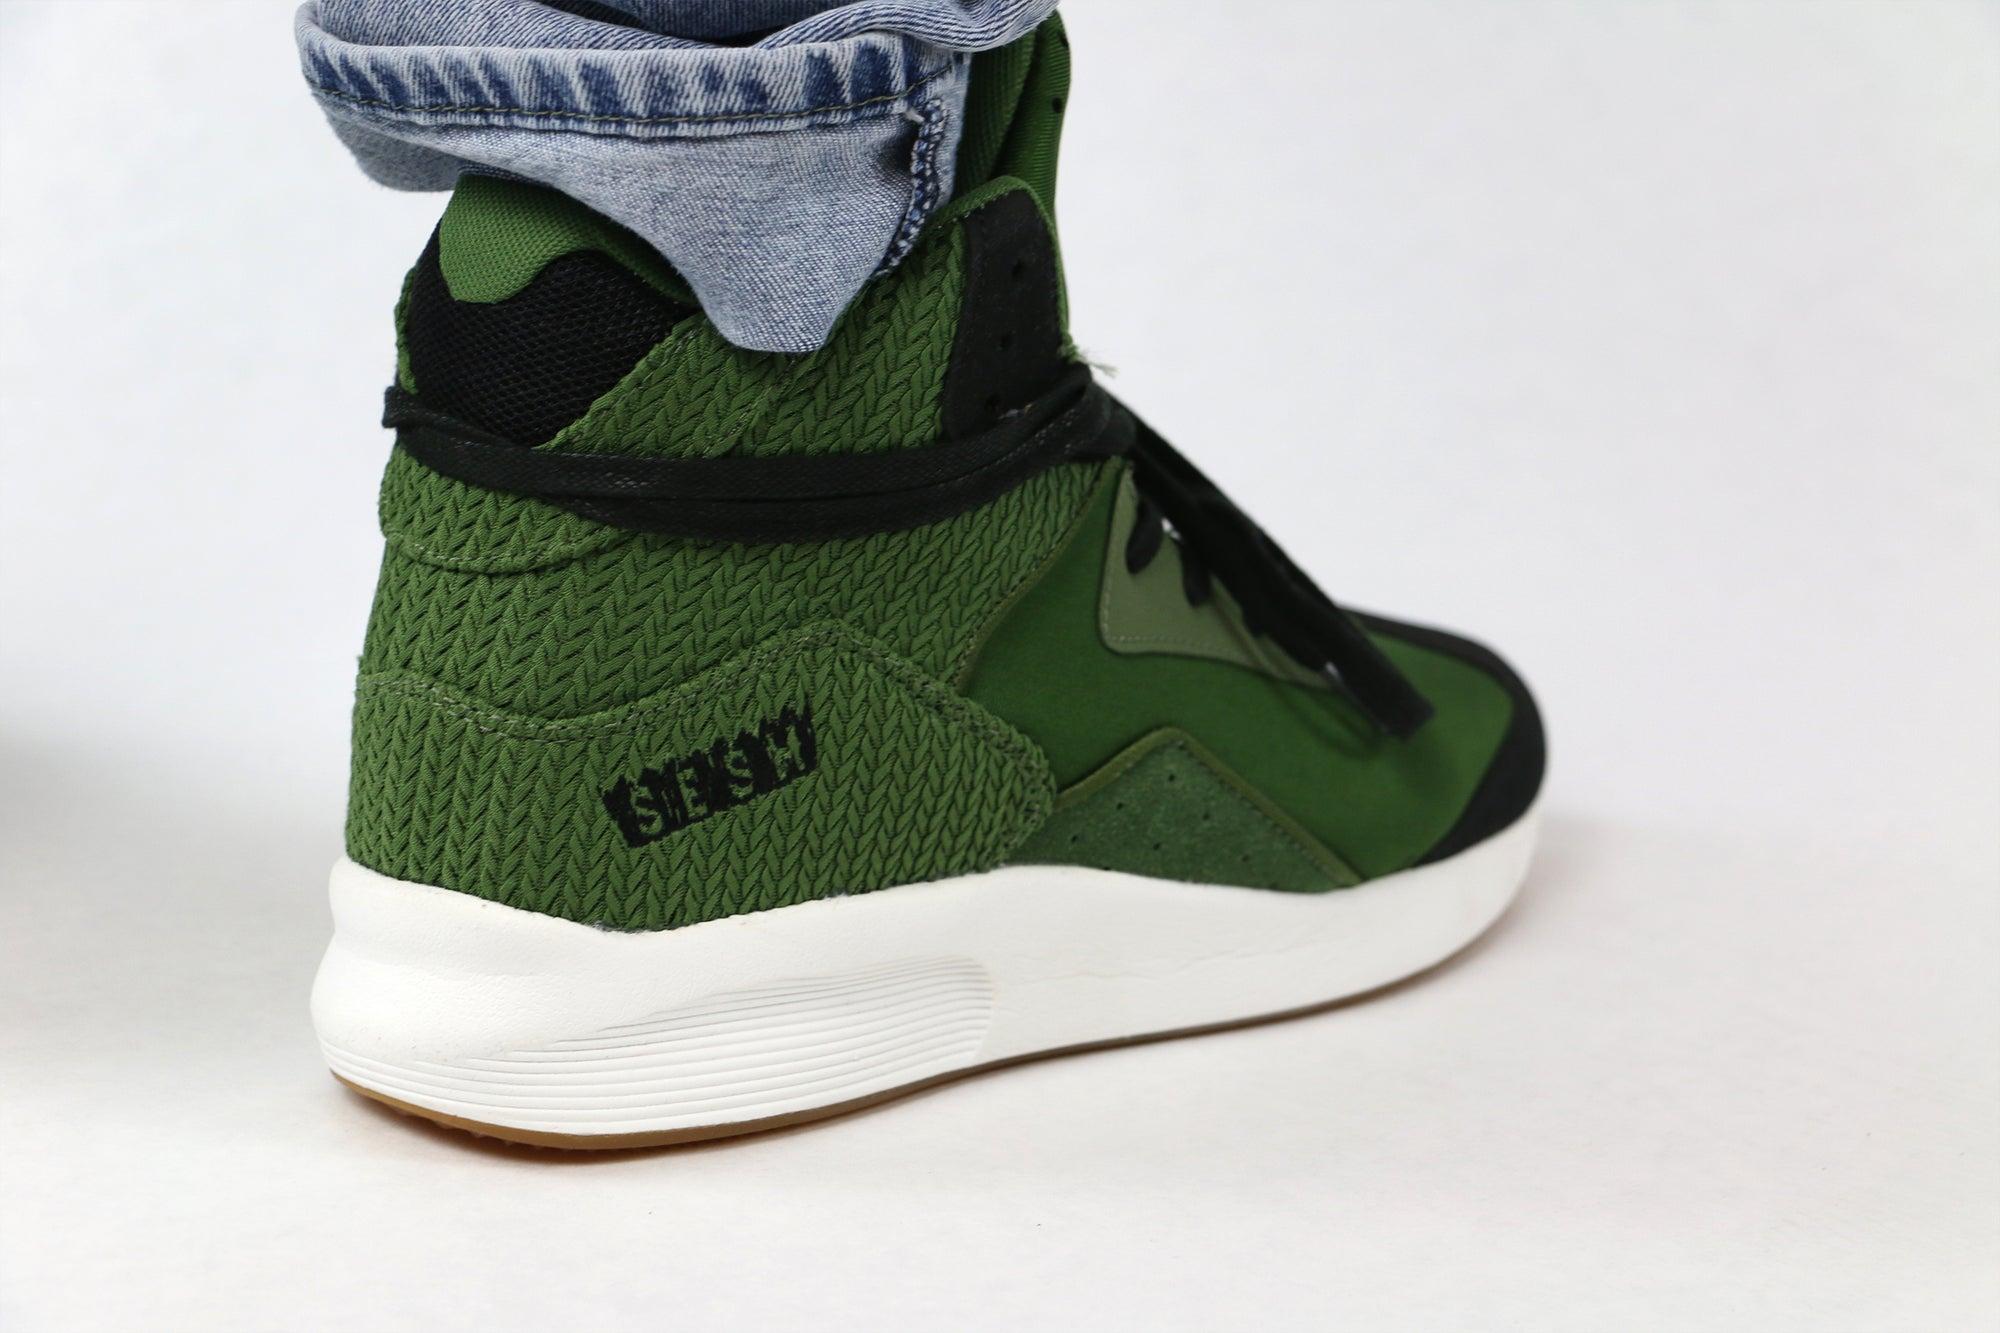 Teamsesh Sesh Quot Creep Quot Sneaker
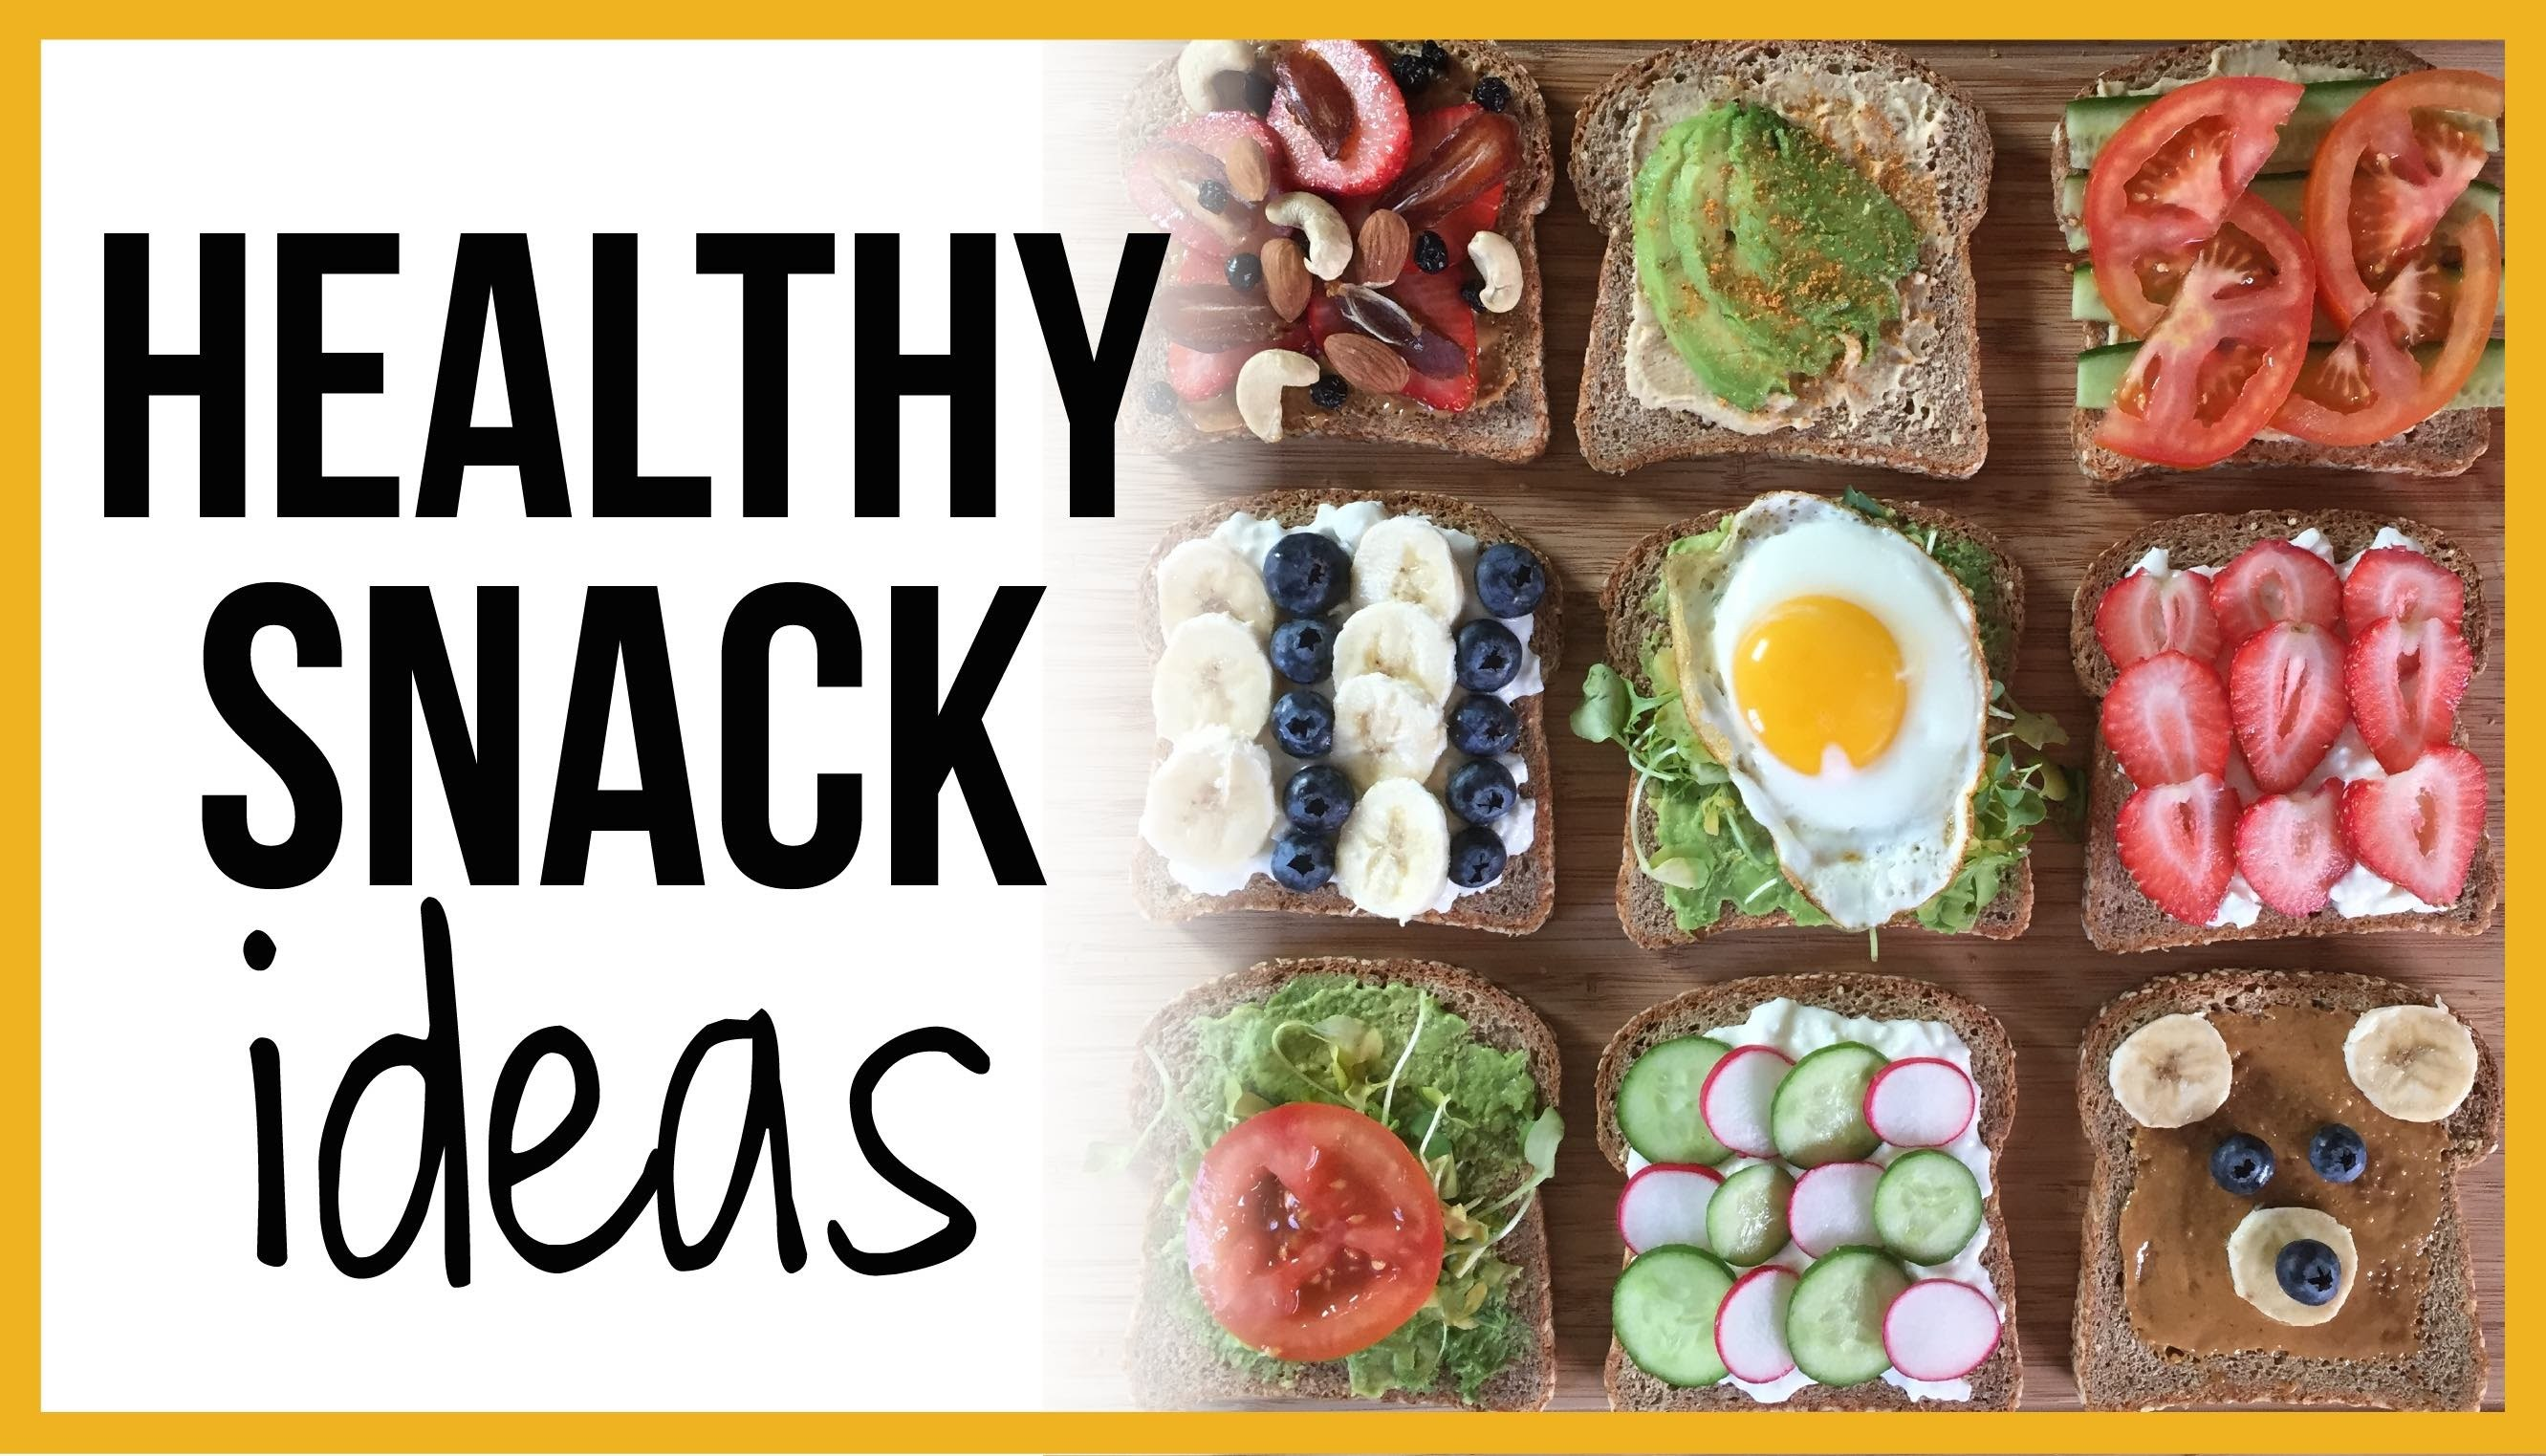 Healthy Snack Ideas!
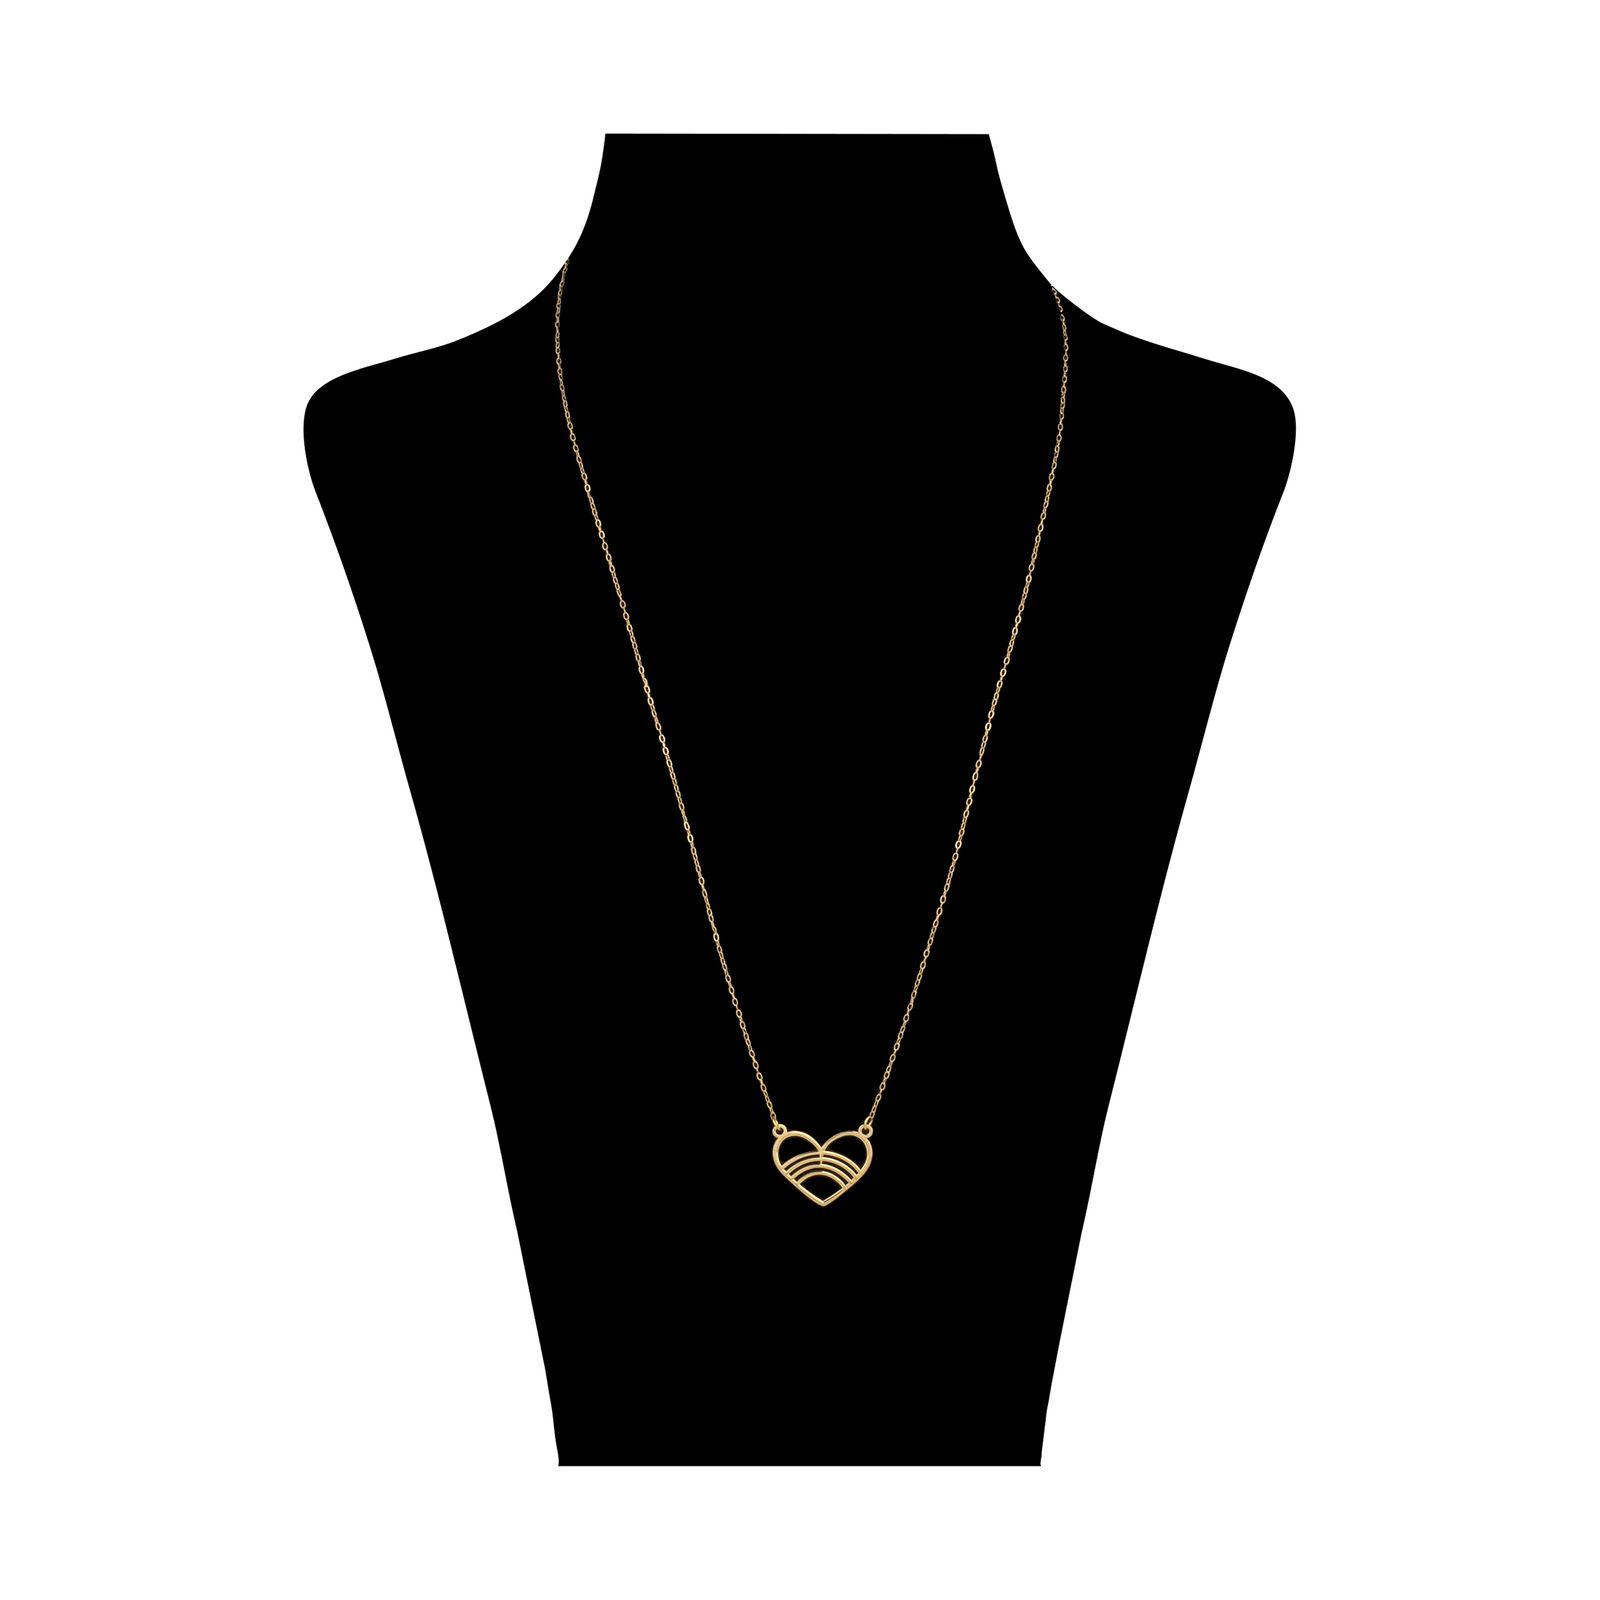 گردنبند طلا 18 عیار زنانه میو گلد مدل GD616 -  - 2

+--

About this exercise: Nothing but the lines from the one that contains "Healthy Snack Ideas!" through the end of the material above is to be reproduced, exactly and without pictures.

Task response:
 Healthy Snack Ideas!
 گردنبند طلا 18 عیار زنانه میو گلد مدل GD616 -  - 2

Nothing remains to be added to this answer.